Petite causerie vespérale consacrée à une espèce invasive
Il ne faudrait pas que les lecteurs aussi HTBoïates que numériques, défendant les apports bénéfiques du tourisme dans notre région, me tombent dessus à bras raccourcis en me vouant aux gémonies ou à d’autres terribles escaliers, tel que le Stairway to Heaven (celui du « Zeppelin de plomb »). Car en effet mon propos n’inclura aucune récrimination envers l’Homo touristus. Les touristes me sont sympathiques, ils ne sont pas si envahissants que ça et en tout cas plus supportables que les moustiques.
L’idée de cette chronique m’est venue alors que je m’efforçais de lire le bouquin de la girondine Michèle Perrein, Les Cotonniers de Bassalane, roman paru en 1984 et ayant reçu le prix Interallié la même année. J’ai trouvé cet ouvrage dans la « barrique à livres » de Saint-Germain-du-Puch et m’y suis intéressé (pas longtemps) car l’action (ou plutôt l’absence de celle-ci) se déroule dans un bassin d’Arcachon imaginaire où le Cap Ferret voisine à tel point avec l’Île de Malprat que le Boïens peut se rendre, à pied, le soir pour aller boire un coup avant de se coucher, dans un troquet ferretcapien.

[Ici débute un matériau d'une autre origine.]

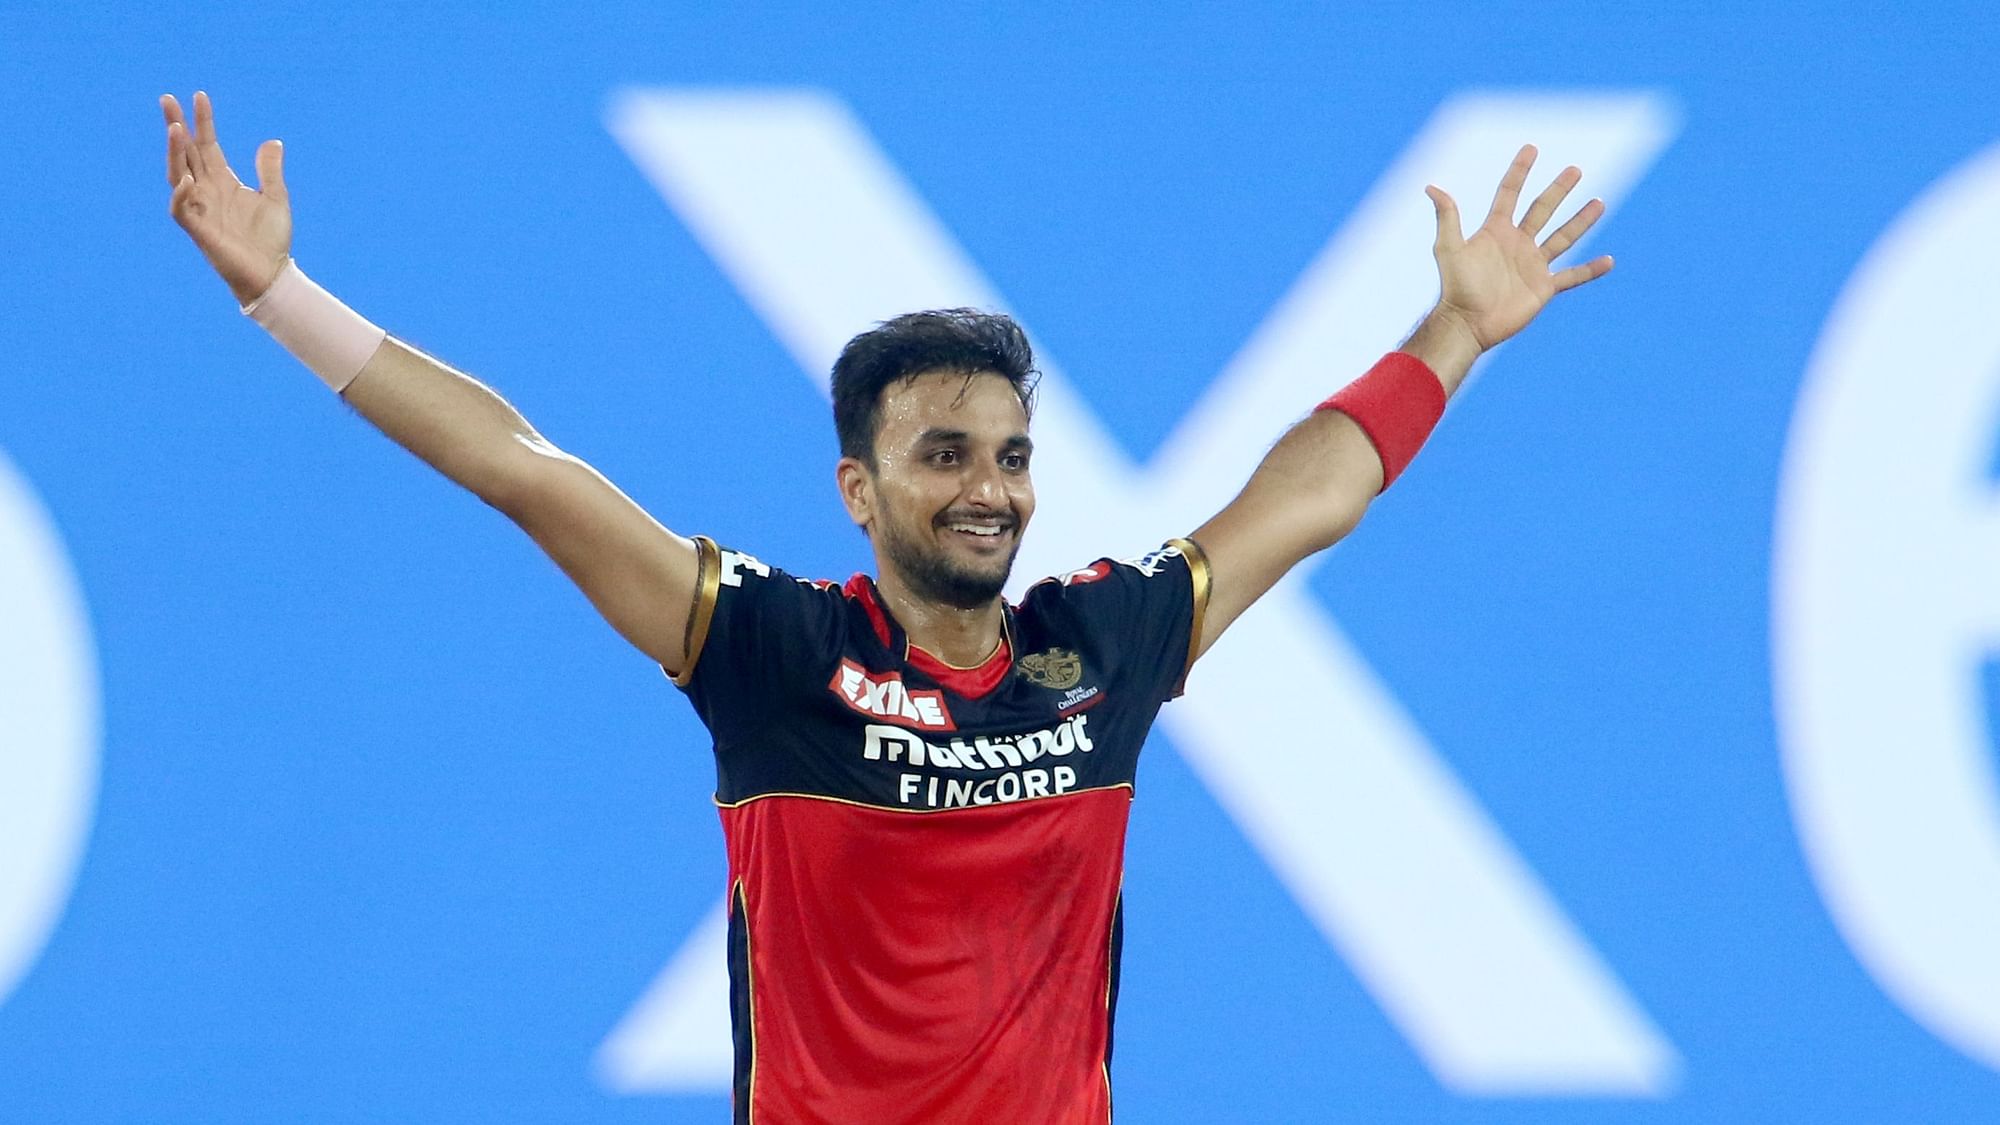 RCB used 7 bowlers in the IPL-opener against Mumbai and Harshal Patel picked up a fifer.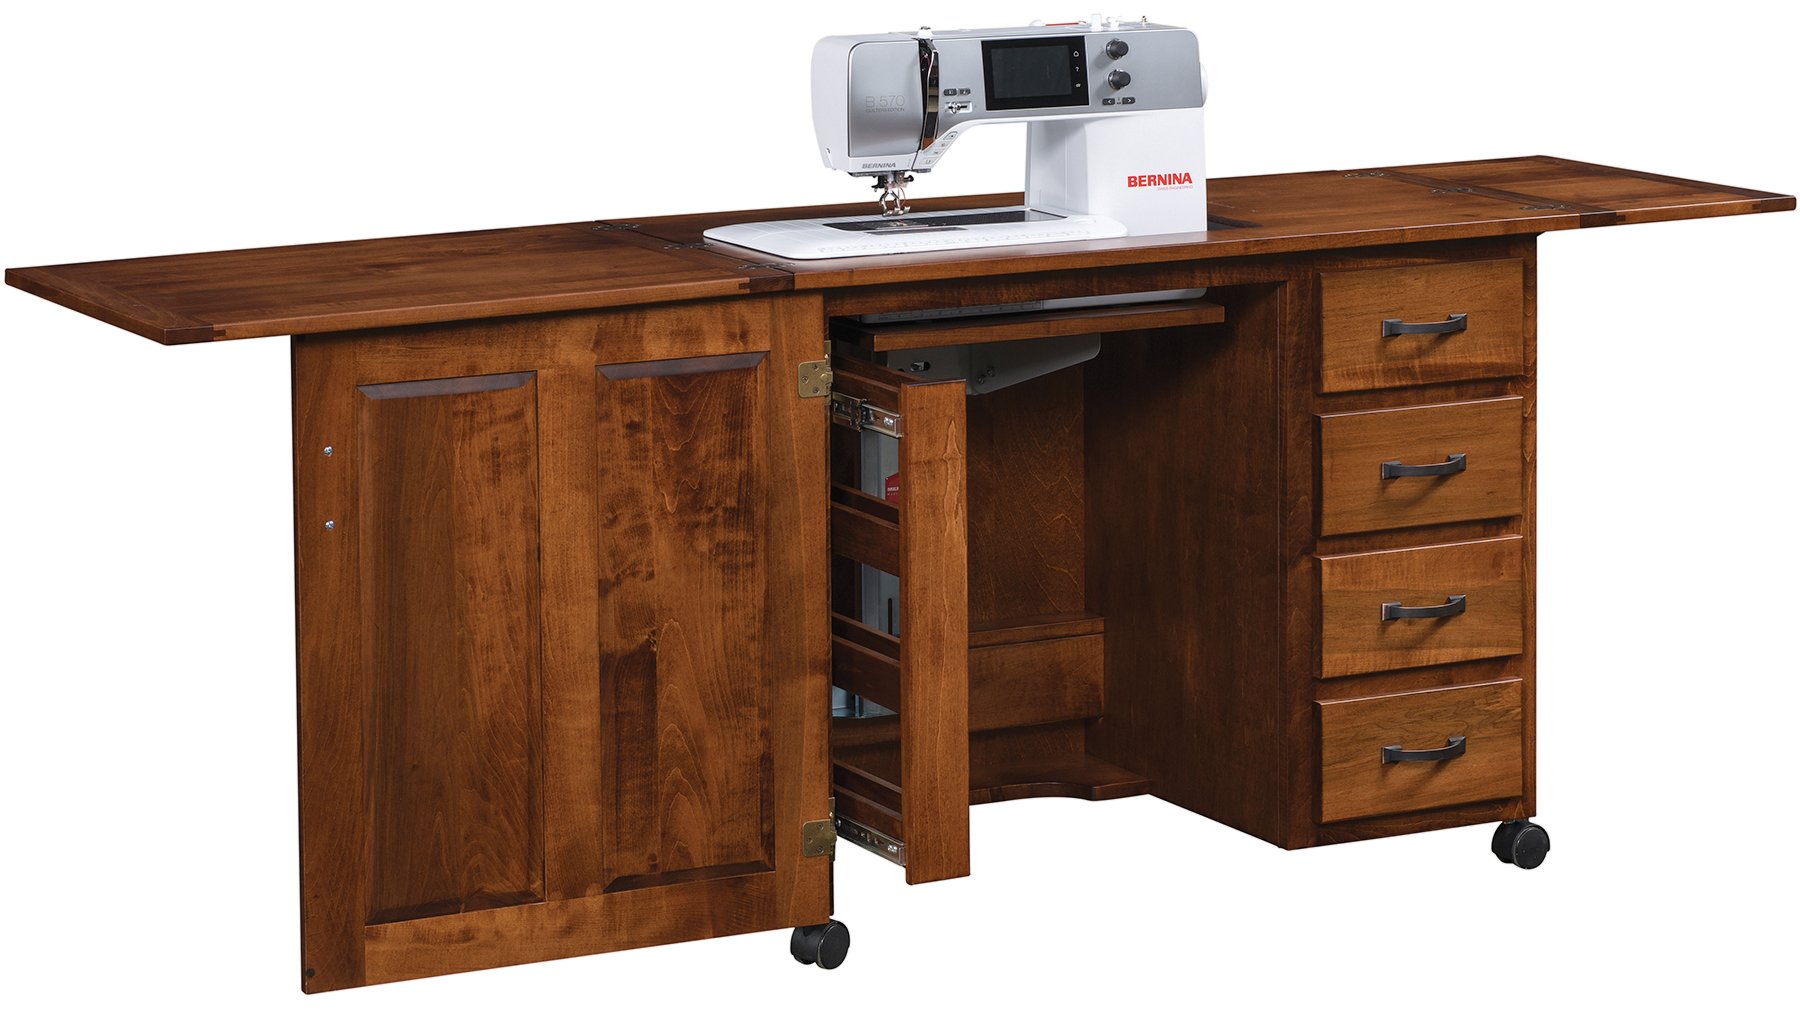 Timberside Woodworking 103-SD Single Door Sewing Cabinet – She Sewing Tables

Cette dernière chose m’avait quelque peu agacé, mais j’ai définitivement clos l’ouvrage lorsque j’en suis arrivé à la lecture du casse-croute « traditionnel », dans la cabane d’éclusier, à base d’huîtres et de crépinettes — Si, si je vous assure des crépinettes ! En lieu et place de nos braves saucisses fines préparées au vin blanc par les honnêtes charcutiers d’antan… Misère ! Ce fut trop d’invraisemblance.
En dépit du titre du susdit roman, Il faut dire tout d’abord que le cotonnier ne pousse guère sous nos climats. Il y a eu confusion car, en revanche on y trouve un autre arbuste dont j’ai une fois demandé la nature à mon paternel, alors que je n’étais qu’un enfant — c’était sur la plage des Quinconces. « C’est quoi, ces buissons au bord de la plage, papa » demandais-je ? « une belle saloperie » me répondit-il. Et il avait raison. Il s’agissait de faux-cotonniers, Baccharis halimifolia, végétal se développant dans les plaines côtières et les secteurs humides des Amériques, malheureusement et inconsidérément importé dans notre région.
Grâce à la naïveté des Arcachonnais, séduits par les qualités esthétiques de la plante, le Baccharis est désormais ici comme chez lui. Depuis près d’un siècle il a envahi goulument les prés salés d’Arès ou de La Teste, les anciens bassins piscicoles, l’île de Malprat mais aussi celle aux Oiseaux et finalement tous les espaces où on le laissait pousser. Il en est même donc qui, par ignorance, considèrent le faux cotonnier comme un élément du patrimoine local. Et pourtant c’est bien une saloperie se subsistant à la flore locale et même aux braves tamaris qu’il asphyxie — ces derniers ne sont pas originaires d’ici mais ne constituent pas pour autant une quelconque menace.
Tandis que la biodiversité du bassin d’Arcachon s’appauvrit dramatiquement, ses rivages sont colonisés par l’écrevisse de Louisiane, le Baccharis de la même origine et l’Herbe de la Pampa (de la Pampa sud-américaine comme son nom l’indique). l’inverse des touristes qui se font relativement rares, ces espèces invasives transforment irrémédiablement le décor sans apporter quelques pépettes. Dans le même temps le frelon asiatique nous terrifie et le moustique tigre de la même origine nous « rend la vie invivable ». Bref, nous sommes pris en tenaille.
Résumons-nous, le progrès fait rage. Certains le combattent et je leur apporte mon soutien indéfectible.